=== WHAT THE EXERCISE ASKS ===
Look through the data below for the line with "Friend Ojisan vs", and transcribe it exactly together with each line after it up to and including the line with "Garçon avec burger". Give nothing else.

=== DATA TO EXAMINE ===

----------

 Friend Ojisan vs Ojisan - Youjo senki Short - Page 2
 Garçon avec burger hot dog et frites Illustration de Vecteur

----------

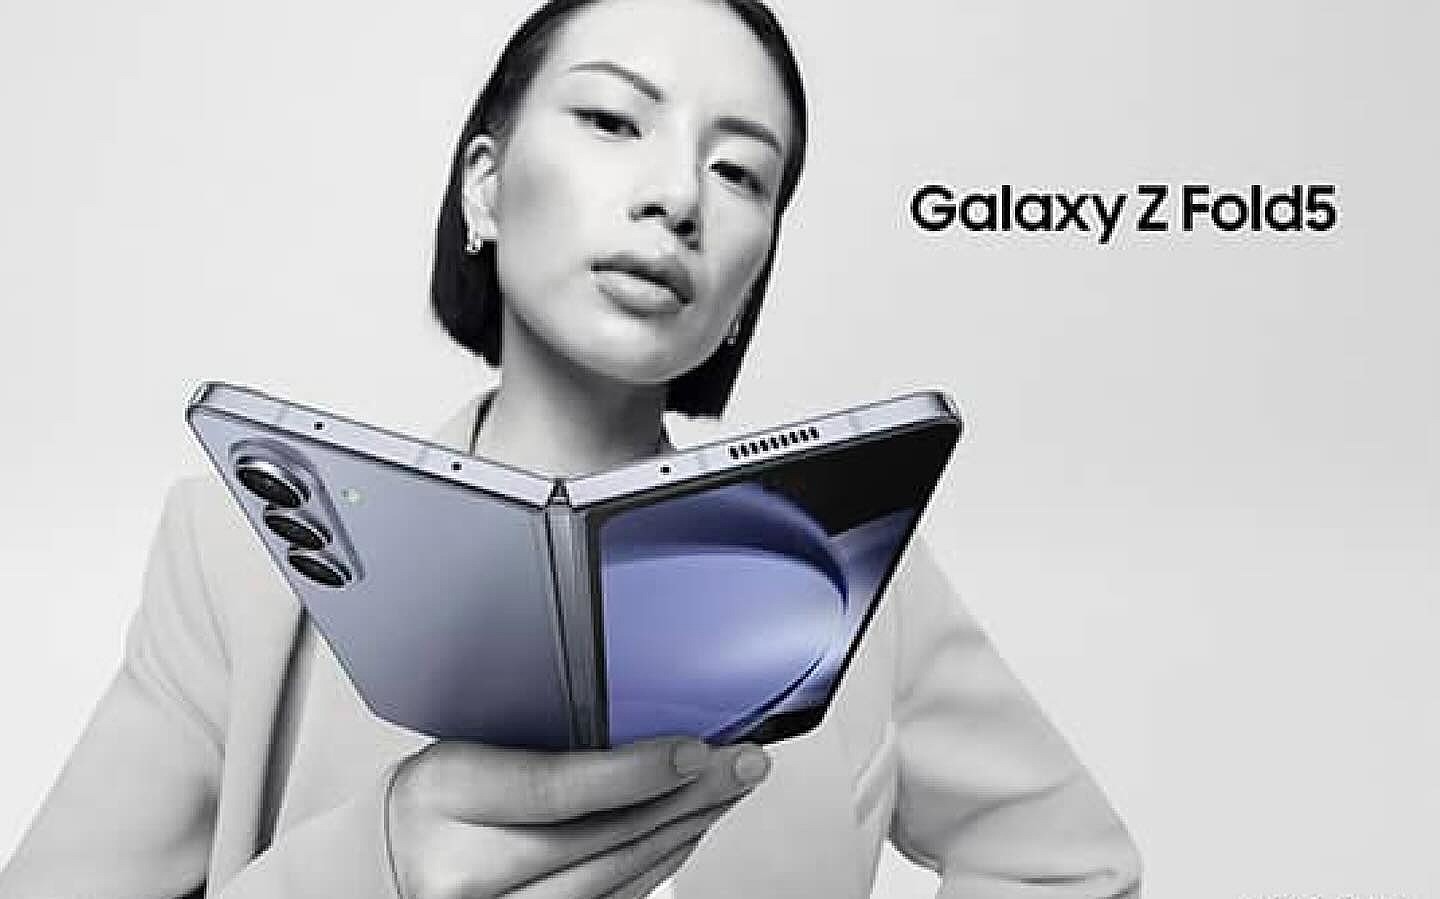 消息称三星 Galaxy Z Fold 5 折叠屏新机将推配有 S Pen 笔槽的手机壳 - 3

----------

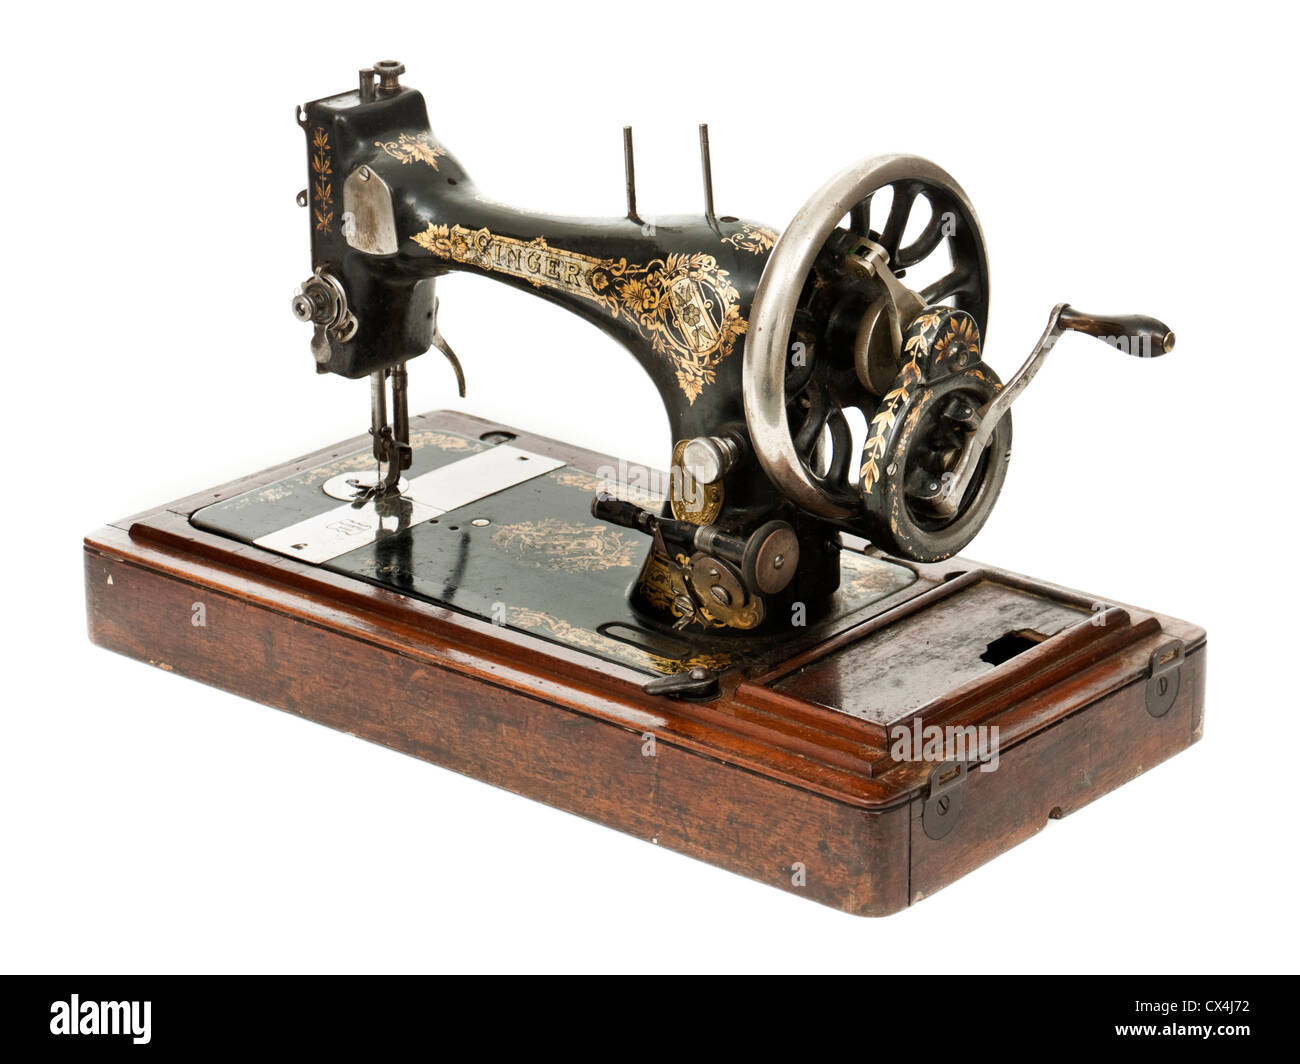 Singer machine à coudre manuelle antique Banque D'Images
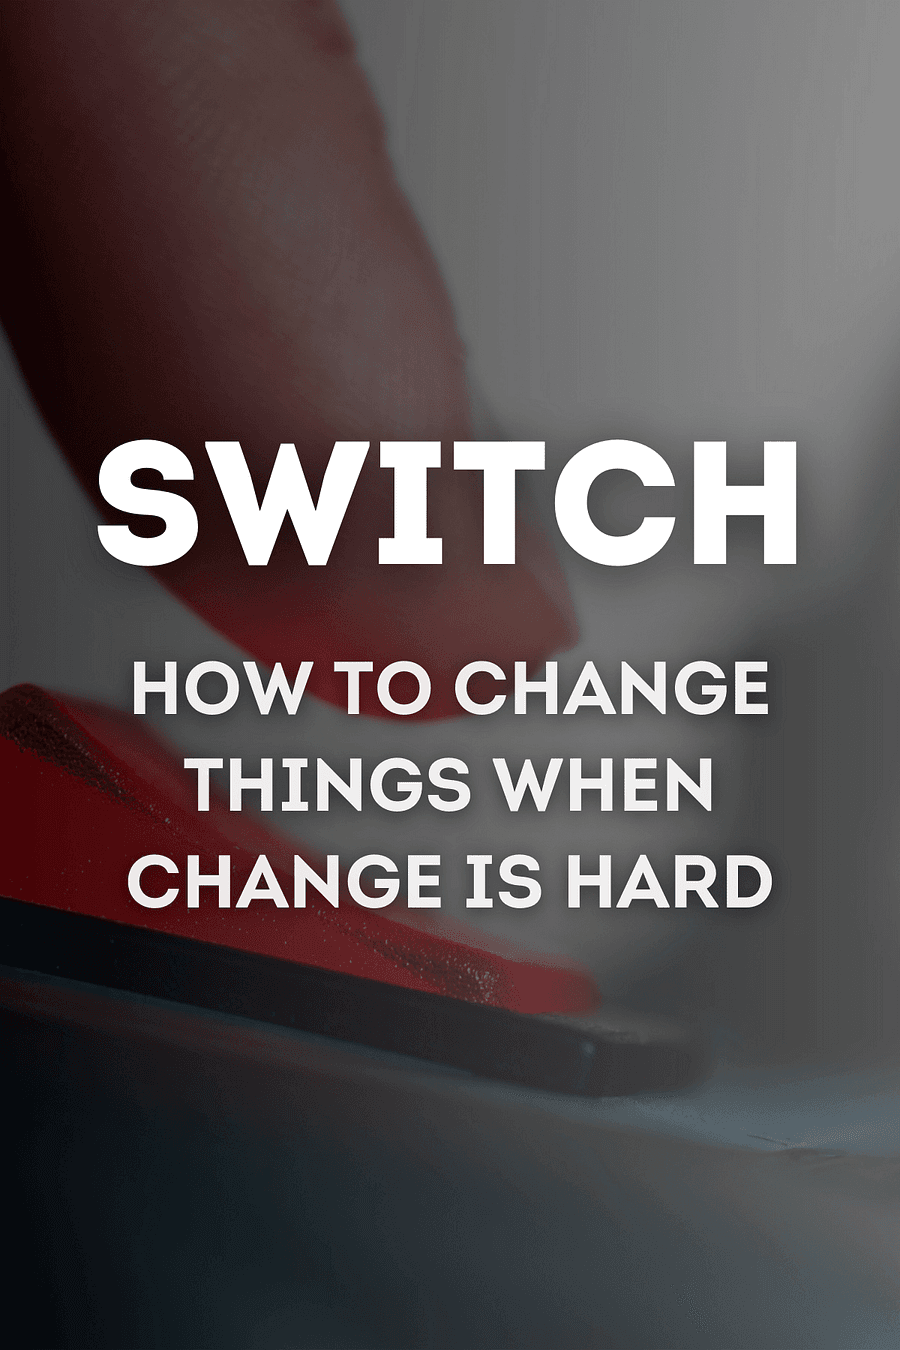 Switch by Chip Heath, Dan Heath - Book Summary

----------

=== OUTPUT ===
 Friend Ojisan vs Ojisan - Youjo senki Short - Page 2
 Garçon avec burger hot dog et frites Illustration de Vecteur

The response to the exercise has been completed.